Kois: It wasn’t usually hard. Even if there were multiple outrages on one day, one was usually clearly more interesting. And outrage would sometimes stretch over several days, or (as in some of the more legit outrages) months.

Benedikt: The more pressing question, to me, was whether or not we should include legitimate outrages, or only track the ridiculous ones. And would we be equipped to know the difference.

Kois: I thought part of what would be interesting about this would be how the ACTUALLY outrageous things, like say Mike Brown, basically proceeded through the seven circles of social-media outrage along the same path as, like, Kate Middleton’s butt pics. So I really wanted to track both, and have it be a little jarring when you go from one to the next on the calendar.

It was also interesting to me that for some people—not everyone!—a dumb joke some Fox News guy made was worth responding to in the same way that I could only get worked up to respond to about, like, the CIA torture report.

Benedikt: Even though a lot of this stuff seemed obvious to us (people get really worked up about dumb shit, and then forget about it and get worked up about something else the next day), watching it all unfold was pretty amazing.

There was a point that I was worried the whole project would turn into a meditation on Gamergate. And now, I already feel like: “Remember Gamergate? What WAS that?”

Then I worried the whole project would be about Cosby. Then came the Rolling Stone fiasco. It’s just … endless! And moves so fast! The cycle is totally exhausting and all-consuming and yet at the same time just POOF air.

Kois: And in between all these real actual news stories are delightful little bursts of only-in-2014 nonsense. Like, Aug. 28: Hello Kitty is NOT A CAT.

Benedikt: That was a good one.

Lai: Ha. I almost forgot about that one. With so many outrages, which did you personally find to be the most surprising to be outraged at?
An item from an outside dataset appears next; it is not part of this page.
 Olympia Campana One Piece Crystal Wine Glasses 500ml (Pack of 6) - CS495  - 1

And on the flip side, what was the most legitimate outrage for each of you?

Kois: Every outrage is legitimate to SOMEONE, Jennifer. That’s the real message here.

Benedikt: It’s hard to be surprised about any outrage directed at Lena Dunham, but the outrage over her “sexually abusing” her sister was pretty, um, outrageous. That’s a high profile one that was just idiotic.
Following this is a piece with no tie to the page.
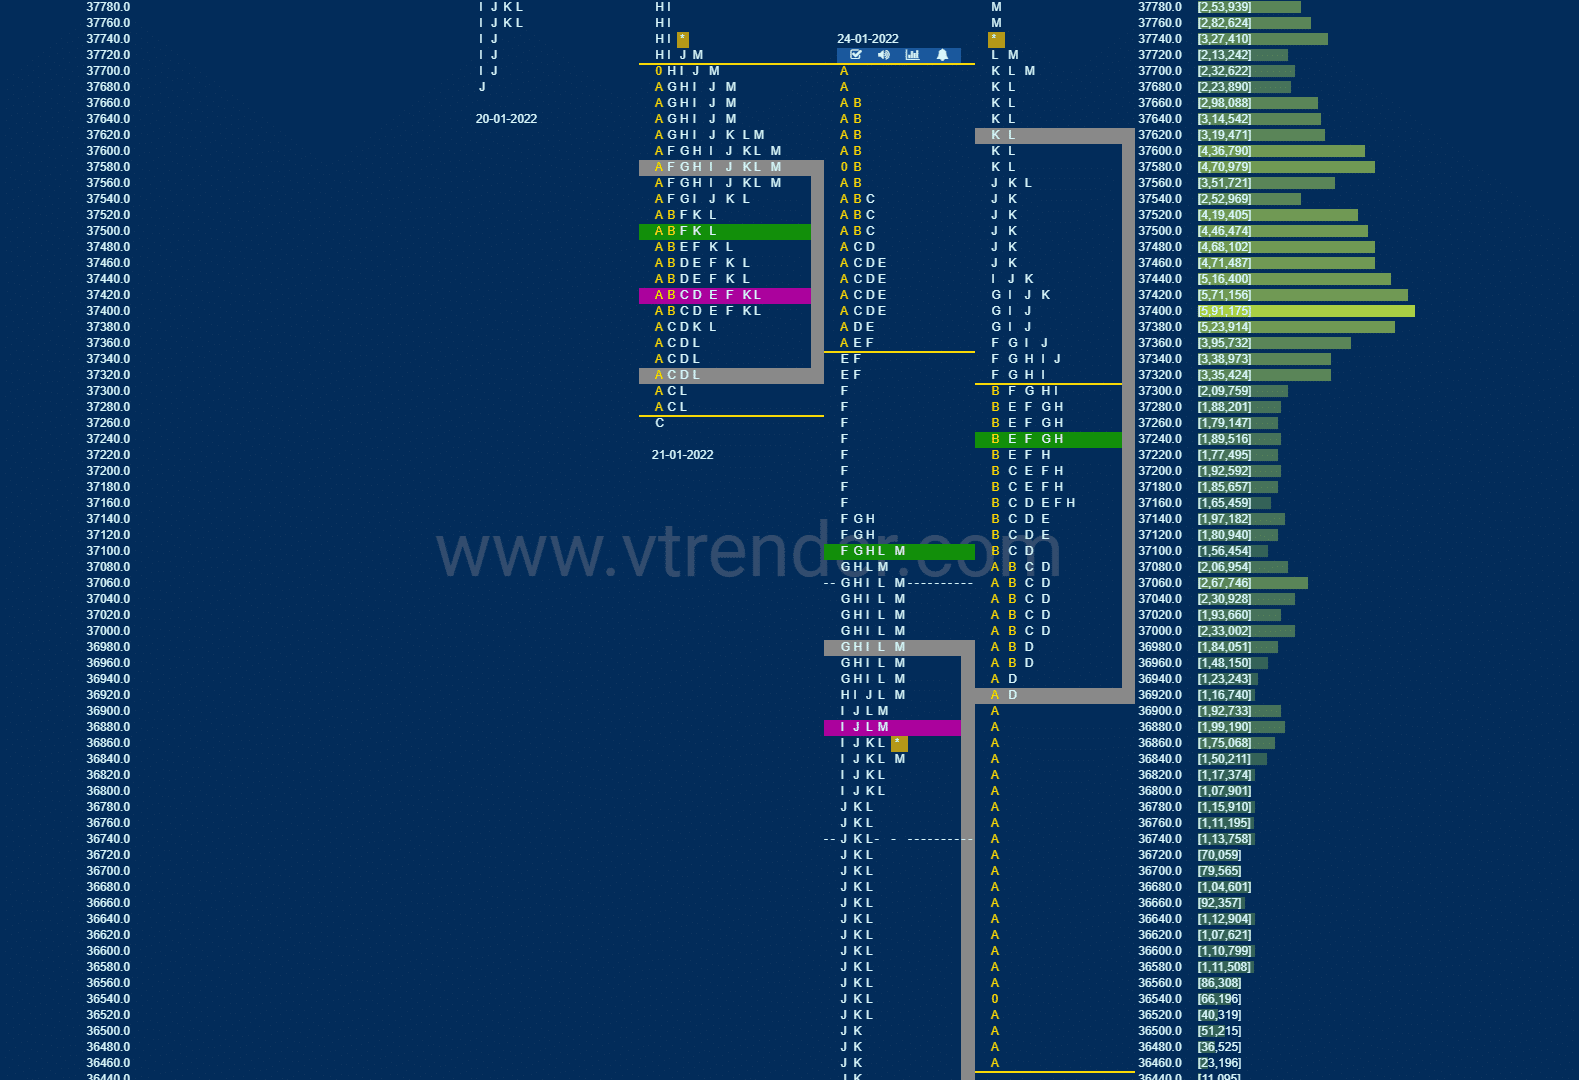 Bnf 17 Market Profile Analysis Dated 25Th January 2022 Banknifty Futures, Charts, Day Trading, Intraday Trading, Intraday Trading Strategies, Market Profile, Market Profile Trading Strategies, Nifty Futures, Order Flow Analysis, Support And Resistance, Technical Analysis, Trading Strategies, Volume Profile Trading

Kois: When Bridgegate first came up, we were like, “Wait, this is actually terrible!” Little did we know how terrible the outrages would actually get in 2014.

Benedikt: Oh! My favorite was when people were mad that Barack Obama disparaged art-history majors in a speech. I also liked the poptism outrage. Those kinds make me giggle. Or Mike Daisey naming his show, “Yes All Women.”

Lai: I feel like Jamelle Bouie said it perfectly in his essay: “It feels good to express disgust, of course, and when that comes with social affirmation—favorites, retweets, followers, blog posts—there’s an incentive to show more anger.” What were the biggest challenges of putting together the interactive and the essays?

Benedikt: The biggest challenge with the essays was figuring out what the heck we all think about this. It’s just what we’re stewing in all the time, so it’s hard to look at it analytically.

Kois: Right. Outrage culture is insane, until something happens that hits you right in your outrage-spot.

Benedikt: But going beyond that, to examine … the way … we … live … now, is hard.

Kois: That’s why we let our essay-writers do it!

Benedikt: Totally! What do I think about outrage? Who knows, here’s Amanda Hess.

Kois: On the interactive, one big challenge was staying out of interactives guru Chris Kirk’s way and letting our art team do their jobs without us meddling. Plus, I was a challenge because I kept changing things at the last minute, driving our amazing copy editors (Abby McIntyre led the charge on this) insane.

Benedikt: The biggest challenge with the interactive was really on our awesome interns, who kept it updated. If it had been up to me and Dan, this never would have actually worked out. We would have lost steam in February.

Kois: March 2: Two editors fired from Slate for failing to keep up Google Doc. Who was outraged: Their spouses.